There is an iconic painting called "Mount Egmont, from the southward", which appears in many art history books and can be best described as impressionistic as it presents Te Maunga Taranaki and the surrounding bush in a stylized form that accentuates the vertical. The artist is Charles Heaphy and it is part of a body of work including other topographical watercolours, portraits and charts of New Zealand, that form an important record of early European settlement.

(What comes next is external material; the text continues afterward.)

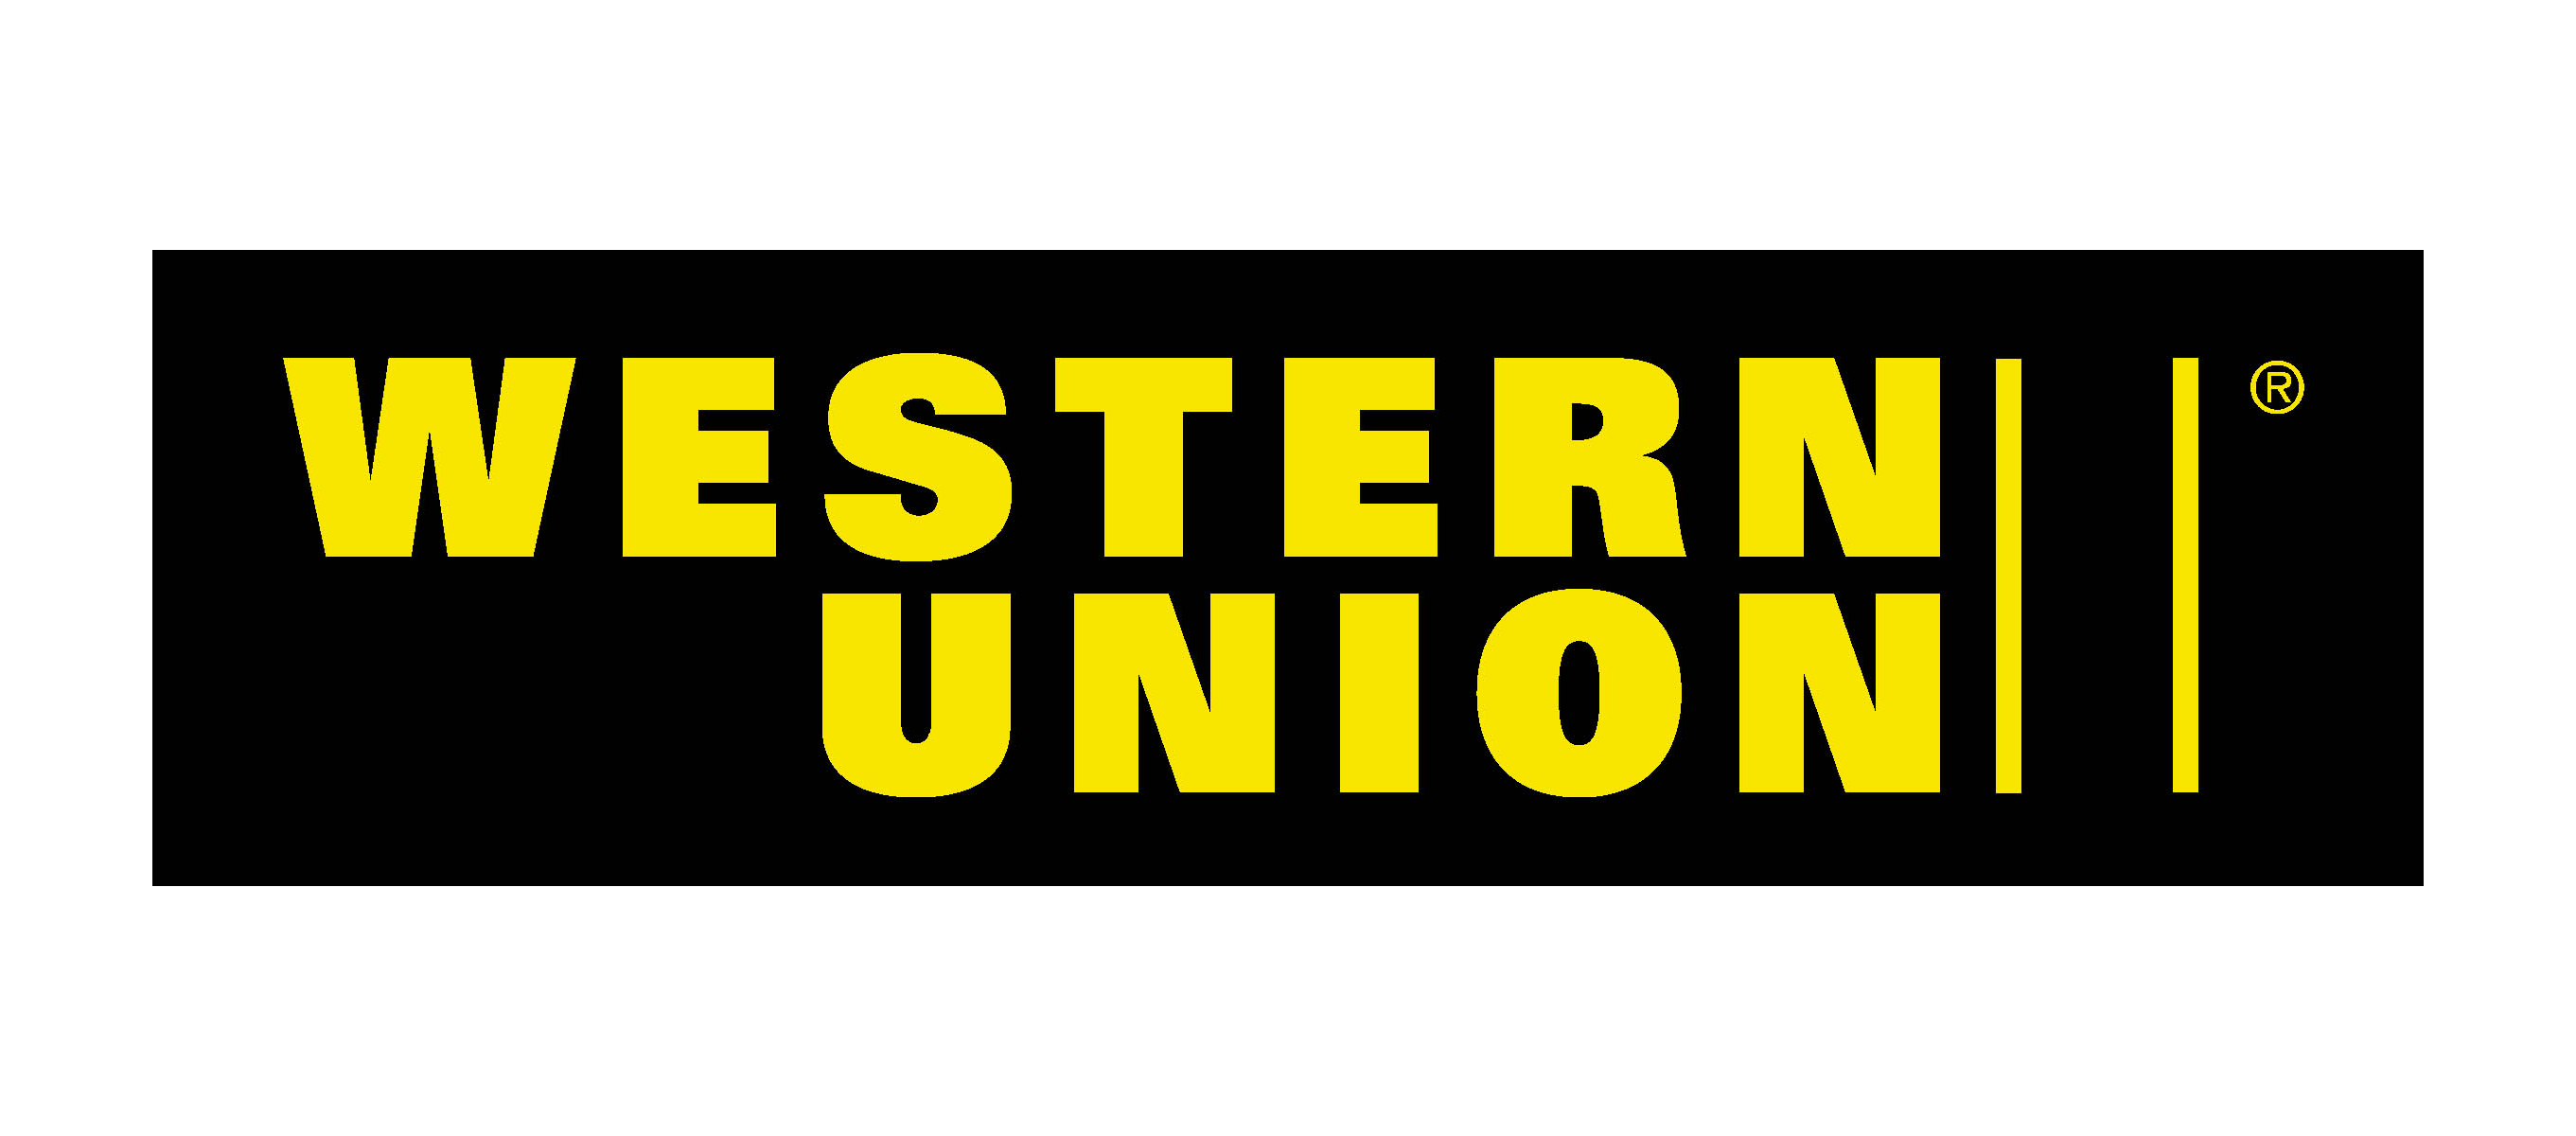 Western Unioin Logo Wallpaper

Such work was used by the New Zealand Company (NZC) to attract migrants to this part of the world, which might also explain the lack of realism in the work.
Charles Heaphy, the son of a noted water-colourist, was born in London in 1820. He was appointed as artist and draughtsman to the NZC and came to New Zealand aboard the Tory in late 1839 with Colonel William Wakefield. He set about travelling the country, producing these works, including the period in Taranaki. He finally settled in Nelson in 1841 surveying the area around Tasman Bay
With the company struggling, he proposed opening up the interior of the South Island and joined Brunner in their epic 560 day journey to the West Coast from the Nelson district. Unfortunately, his role in propaganda for NZC made him unpopular, and he was forced to take the job of draughtsman in the Auckland Survey Office in 1847.
In 1859 he joined the Auckland Rifle Volunteers and then volunteered for active service in 1863 at the outbreak of war in the Waikato. He became the first colonial soldier to be awarded the Victoria Cross for rescuing a wounded soldier under fire at Pāterangi, near Te Awamutu.
Back in the civilian world in 1864, he reverted to being a surveyor and rather infamously surveyed confiscated Waikato land. Then in 1868, he became Commissioner of Native Reserves, and by 1878 he was Government Insurance Commissioner and a judge of the Native Land Court.
Ill health saw him resign from all positions in 1880 and he left for Australia in 1881, where he died on 3 August 1881. He is buried at Toowong Cemetery in Brisbane.